SIGNIFICANCE AND USE
5.1 ASTM regulations require precision statements in all test methods in terms of repeatability and reproducibility. This practice is used when the number of participating laboratories or materials being tested, or both, in a precision study is less than the number specified by Practice E691. When possible, it is strongly recommended that a full Practice E691 standard protocol be followed to determine test method precision. Precision results produced by the procedures presented in this standard will not have the same degree of accuracy as results generated by a full Practice E691 protocol. This procedure will allow for the development of useful precision results when a full complement of laboratories is not available for interlaboratory testing.  
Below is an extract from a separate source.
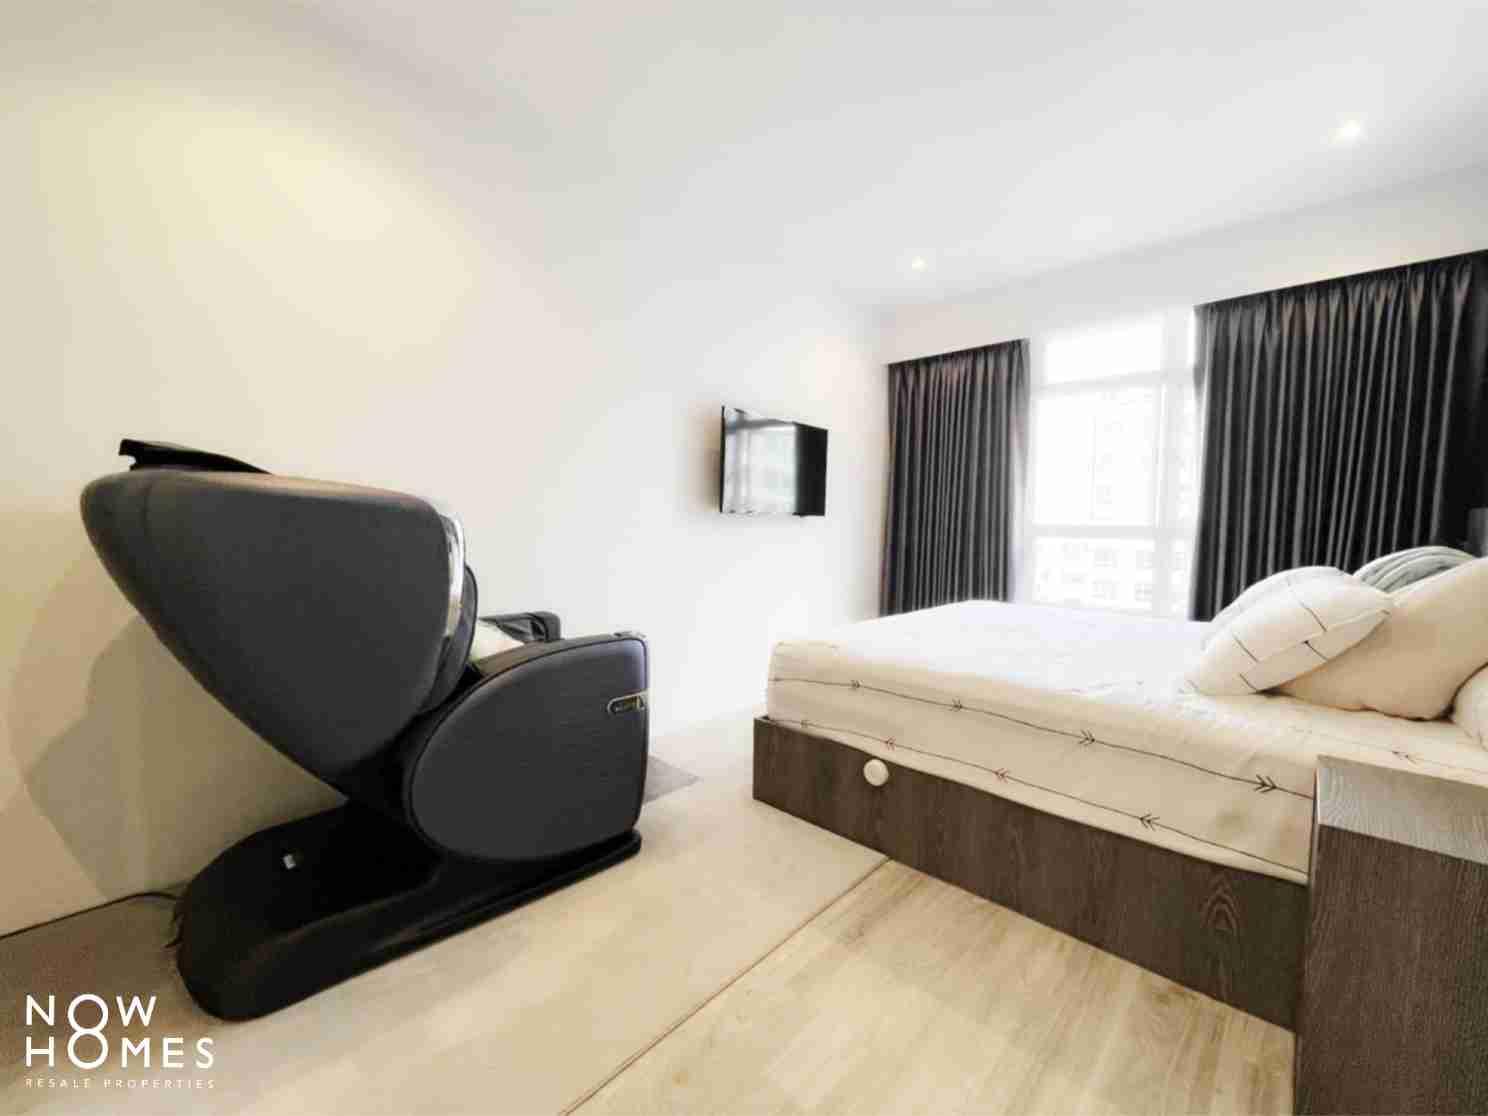 sengkang resale property - 288 compassvale - Masterbed room

5.2 This practice is based on recommendations for interlaboratory studies and data analysis presented in Practice E691. This practice does not concern itself with the development of test methods but with a standard means for gathering information and treating the data needed for developing a precision statement for a test method when a complete Practice E691 interlaboratory study and data analysis are not possible.
SCOPE
1.1 This practice describes the techniques for planning, conducting, analyzing, and treating results of an interlaboratory study (ILS) for estimating the precision of a test method when fewer than six laboratories are available to meet the recommended minimum requirements of Practice E691. Data obtained from an interlaboratory study are useful in identifying variables that require modifications for improving test method performance and precision.  
1.2 Precision estimates developed using this practice will not be statistically equivalent to precision estimates produced by Practice E691 because a small number of laboratories are used. The smaller number of participating laboratories will seriously reduce the value of precision estimates reported by this practice. However, under circumstances where only a limited number of laboratories are available to participate in an ILS, precision estimates developed by this practice will provide the user with useful information concerning precision for a test method.  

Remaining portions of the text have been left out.